O índio xokleng-lacan Cabechuim-lo, do Alto Vale, município de José Boiteux, acompanhou um grupo de dança da tribo. “Com essas crianças revitalizamos a cantiga transcrevendo algumas músicas antigas”, relatou.
O professor João Batista Gonçalves é Guarani do Morro dos Cavalos. Ele ministra aulas da sua língua e de português. “A maior dificuldade das crianças alfabetizadas em Guarani é na escrita do português. Depende da família, tem família que só fala português mesmo sendo guarani, aí os filhos também já falam em português e guarani”, comentou.
Também do Morro dos Cavalos, o cacique Marcelo Gonçalves preparou seus alunos para as apresentações na Unisul. “A gente vê que esse evento foi inspirado em nossa luta.

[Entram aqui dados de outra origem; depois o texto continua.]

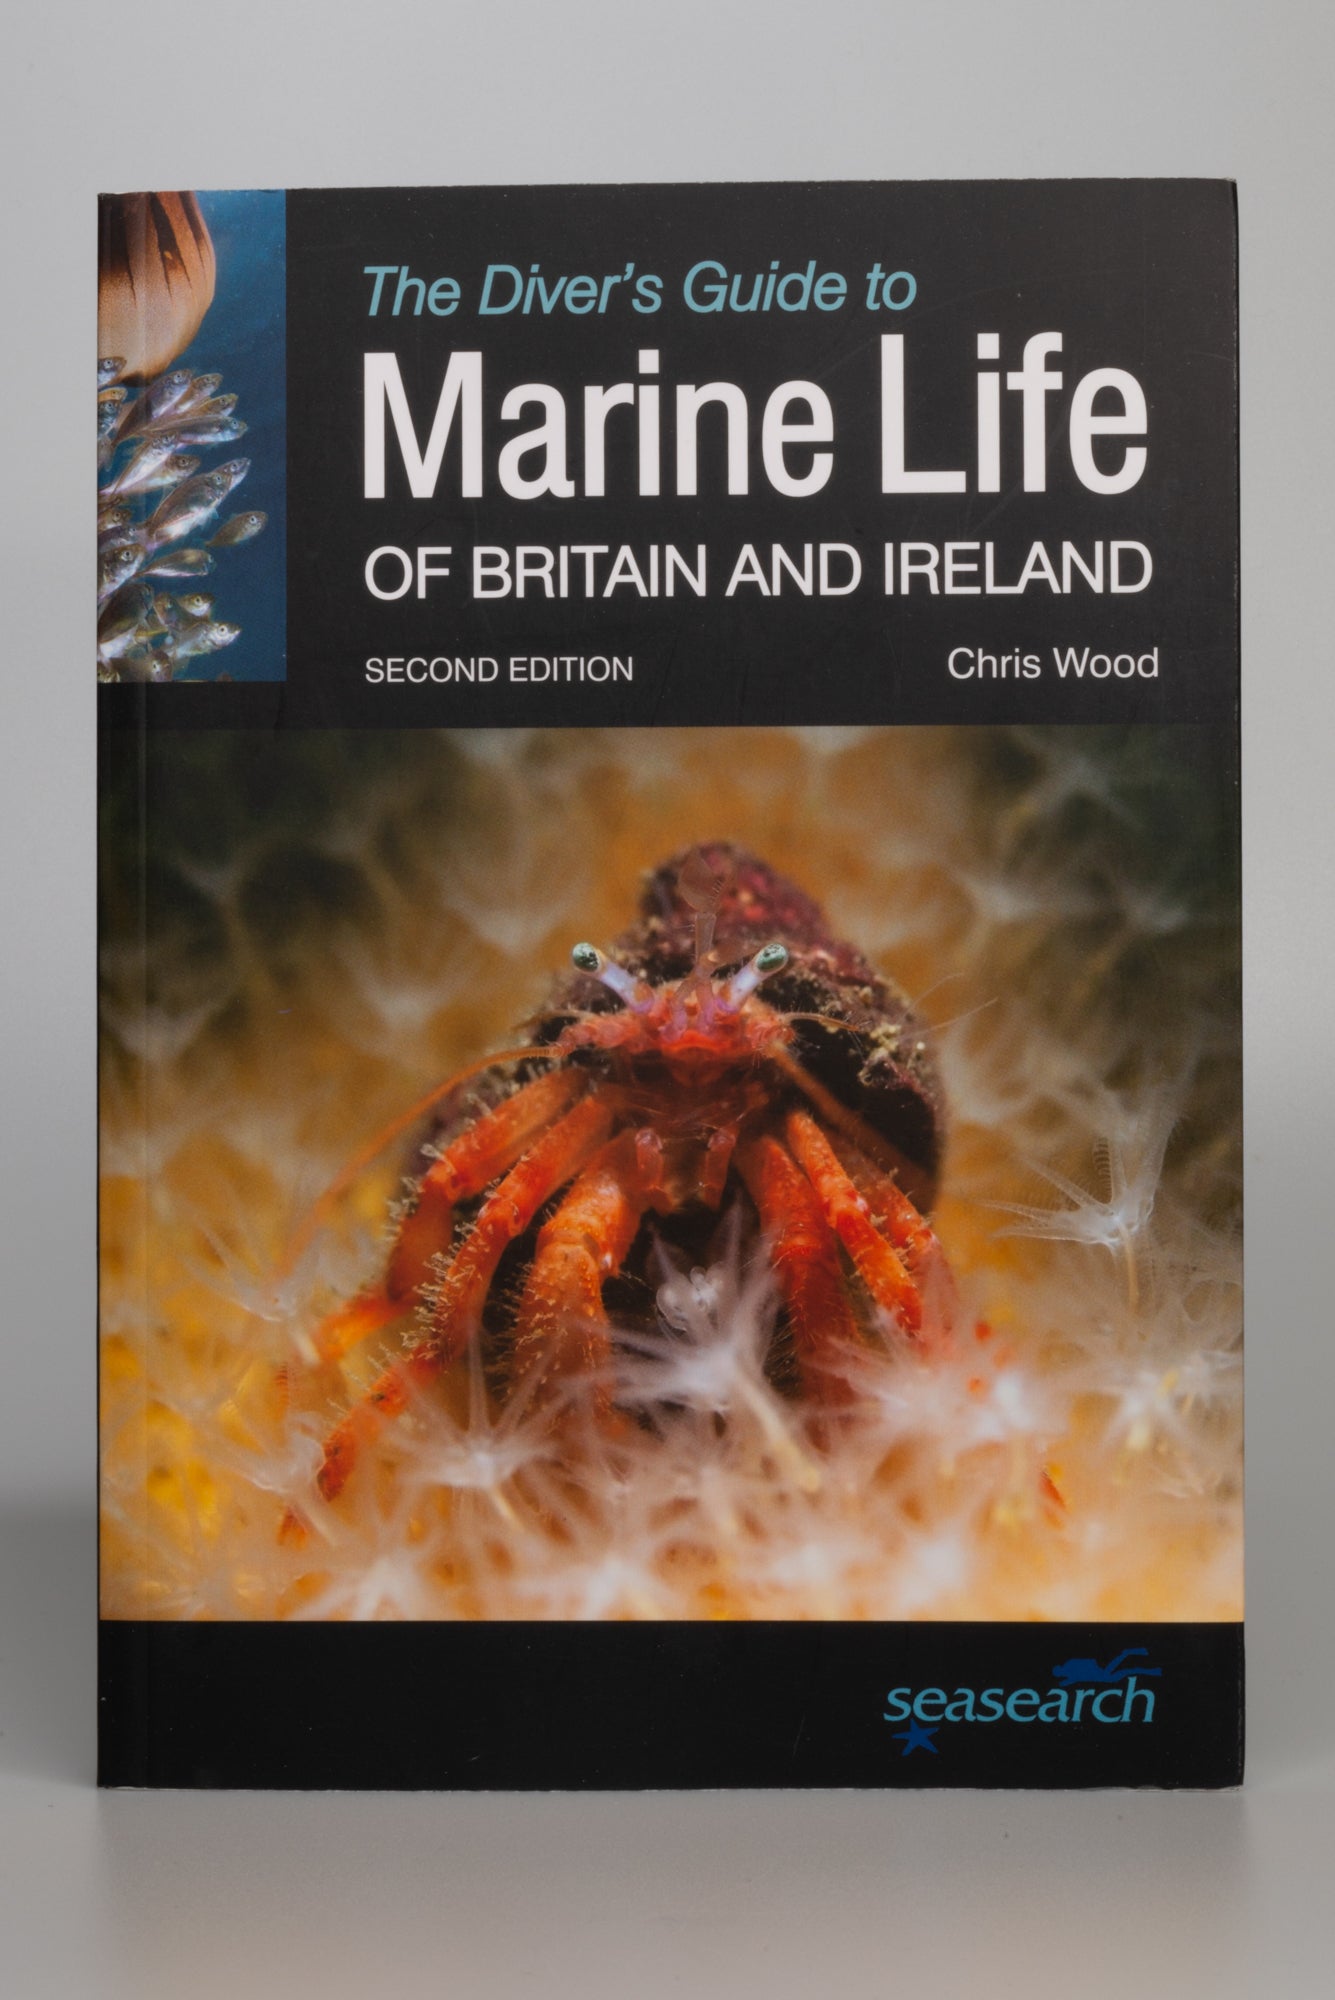 The Diver's Guide to Marine Life of Britain and Ireland
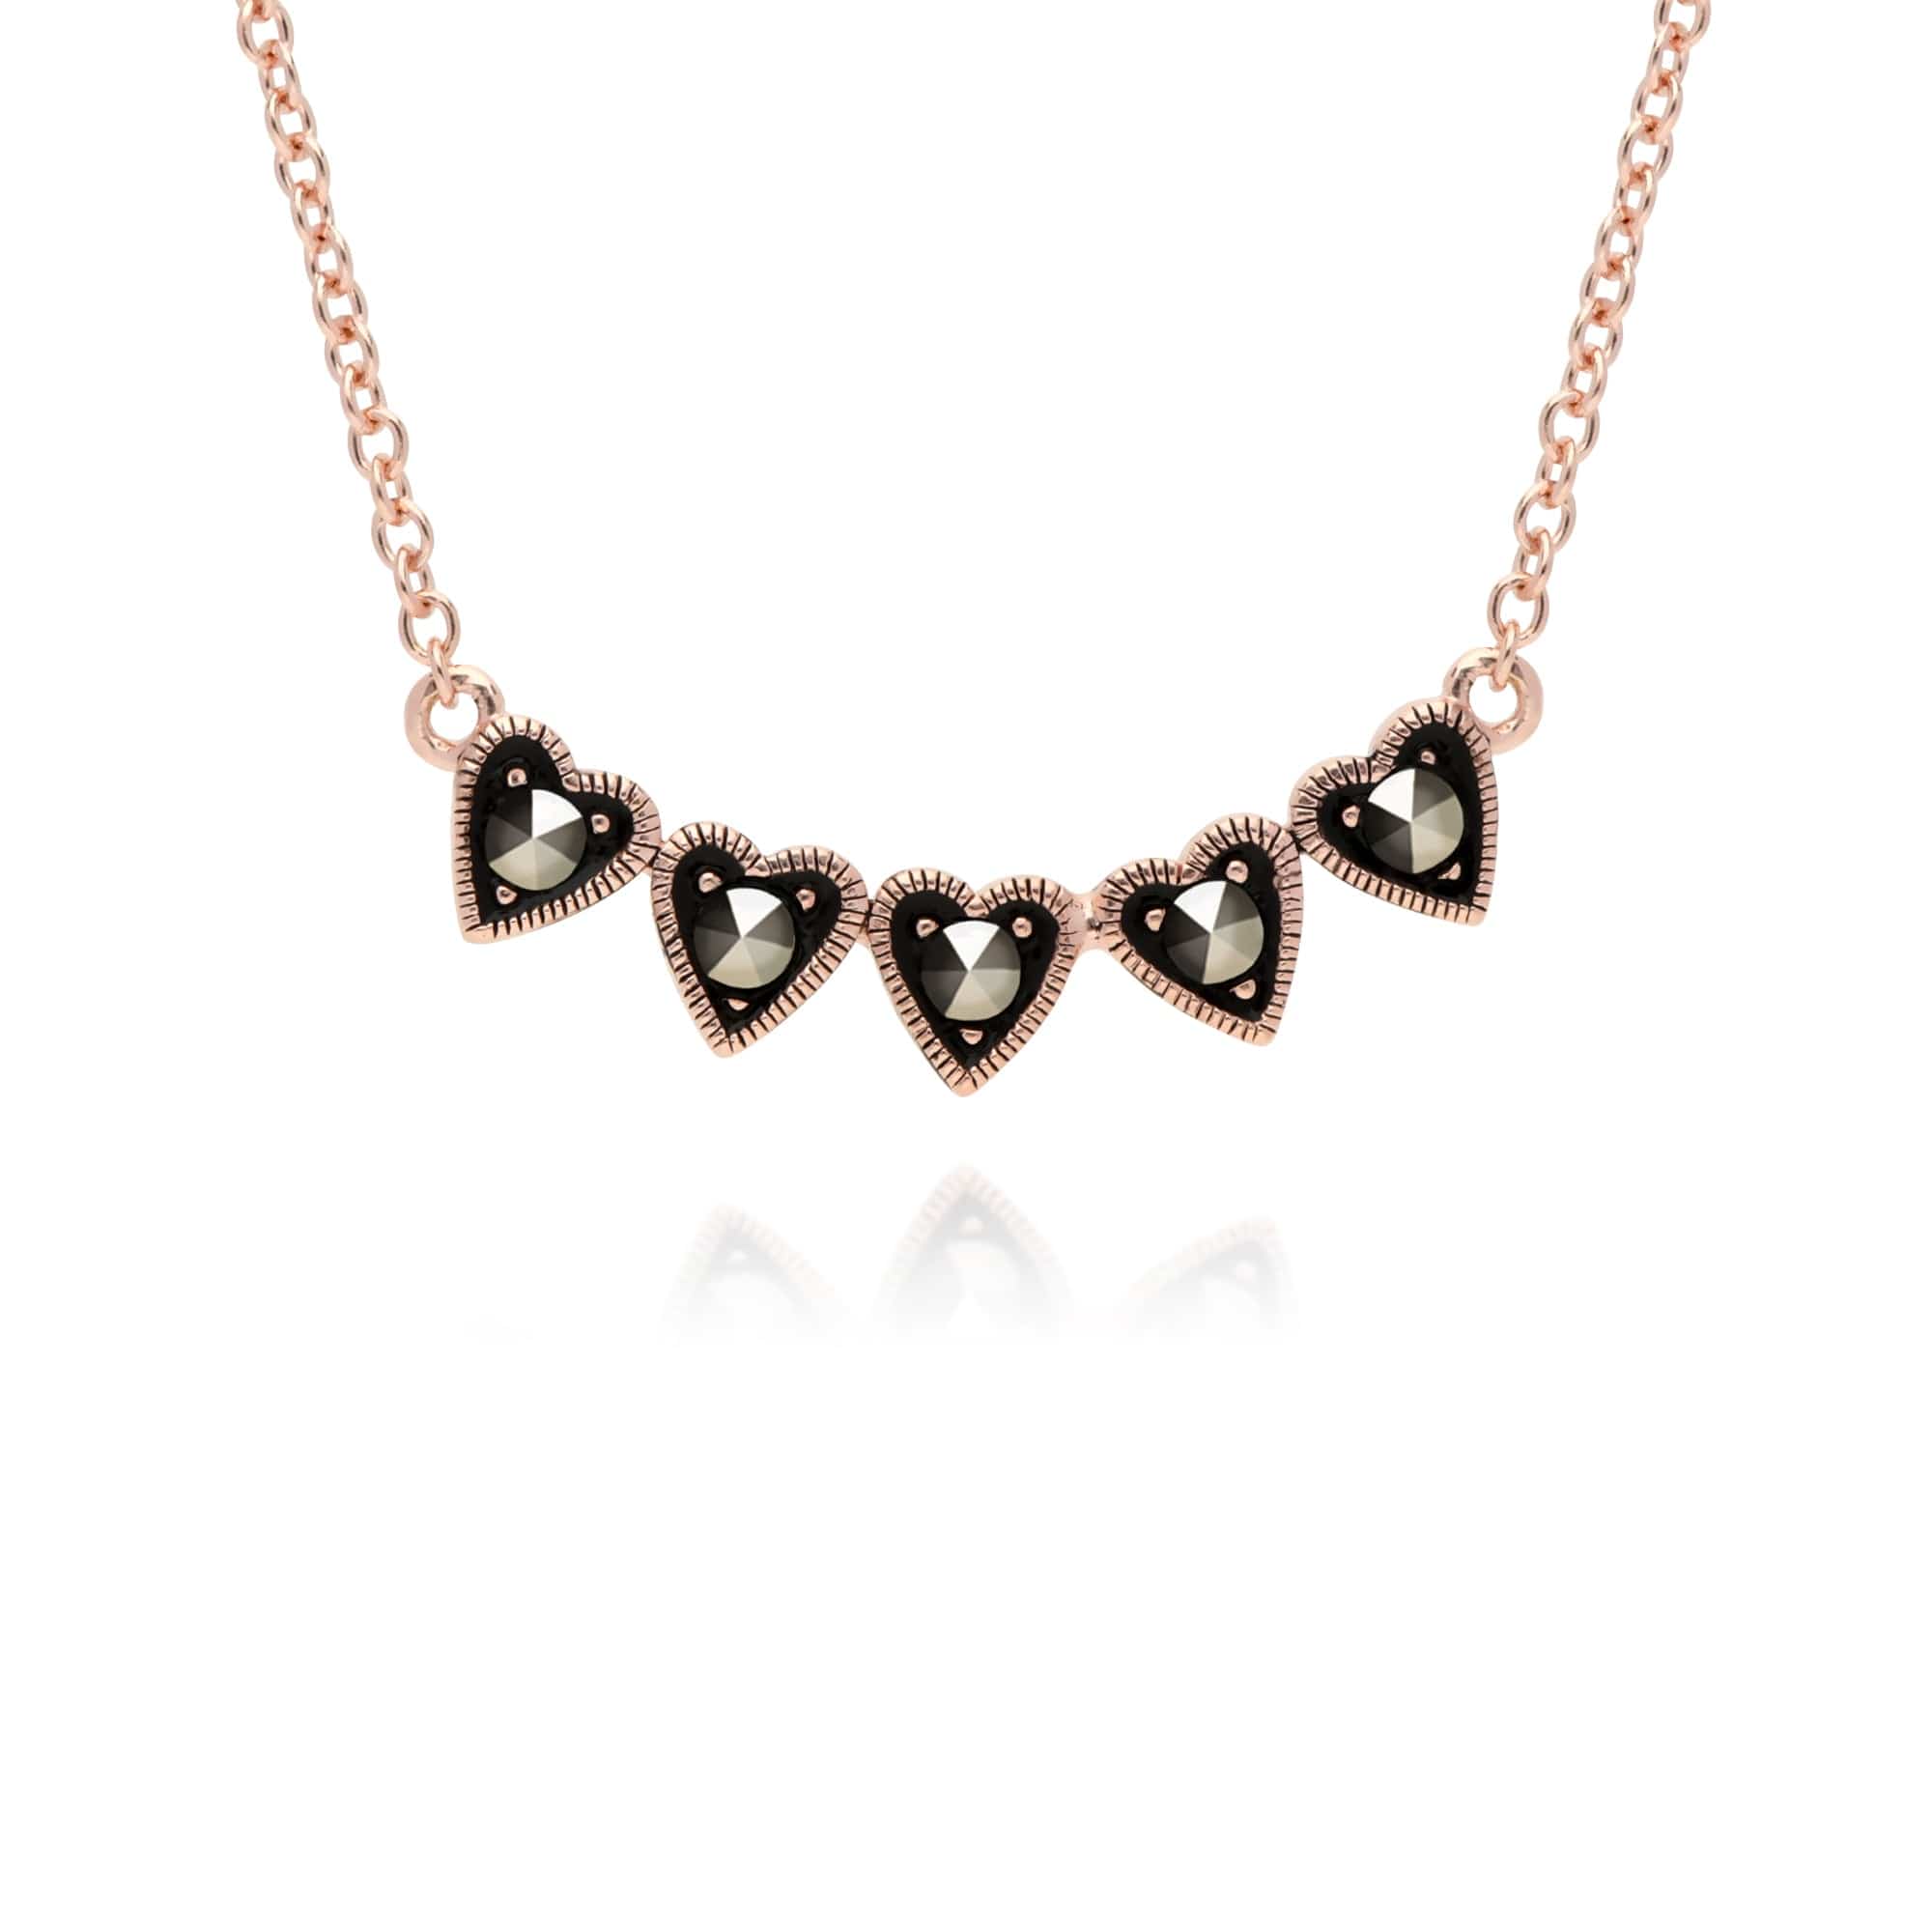 224E025301925-224N017601925 Rose Gold Plated Marcasite Heart Stud Earrings & Necklace Set in 925 Sterling Silver 3

É um prazer enorme a gente representar nossa comunidade, mas não só da nossa comunidade, cada um que está na luta sabe o que a gente está representando”, disse referindo-se à demarcação das terras indígenas. Quanto à apresentação, ele disse que foi em agradecimento ao pai sol. “Que cada dia ilumina o nosso espaço de viver e que dá força cada dia para a gente estar sempre lutando e nos se alegramos com a vida”, completou.
A professora Ana Maria Cristina dirige a escola indígena do Morro dos Cavalos. “Esse Congresso foi pensado desde da nossa semana cultural e pensado pelo professor Jaci há muitos anos. A gente conseguiu concretizar, é um sonho nosso, é semente como o Marcelo colocou, e vai trazer um pouquinho da nossa luta, da nossa dificuldade, da demarcação de terra e tudo o que a gente está vivendo. São situações que não são fáceis, mas a gente está na luta para vencer. Nossas turmas são multiseriadas. Então a cada cinco alunos, eu posso abrir uma turma. Tenho alunos de 1º 2º e 3º junto e em Guarani. Temos 4º e 5º junto, além do 6º, 7º, 8º e 9º. Temos também Ensino Médio e o EJA”, explicou.
O professor Jaci Gonçalvez é o organizador do evento. “A humanidade aos poucos vai tirando esses atrasos. O Congresso se escreve nesse momento de reparação de tantos males causados a todos esses povos. Ainda somos 371 milhões de pessoas, componentes de povos originários. Então a gente já perdeu cerca de 8 mil línguas, temos que tirar esse atraso. Nossa geração de velhos como eu e de jovens como os estudantes, estamos aí para passar a limpo essa história. Porque ela não pode ficar desse jeito”, finalizou Jaci.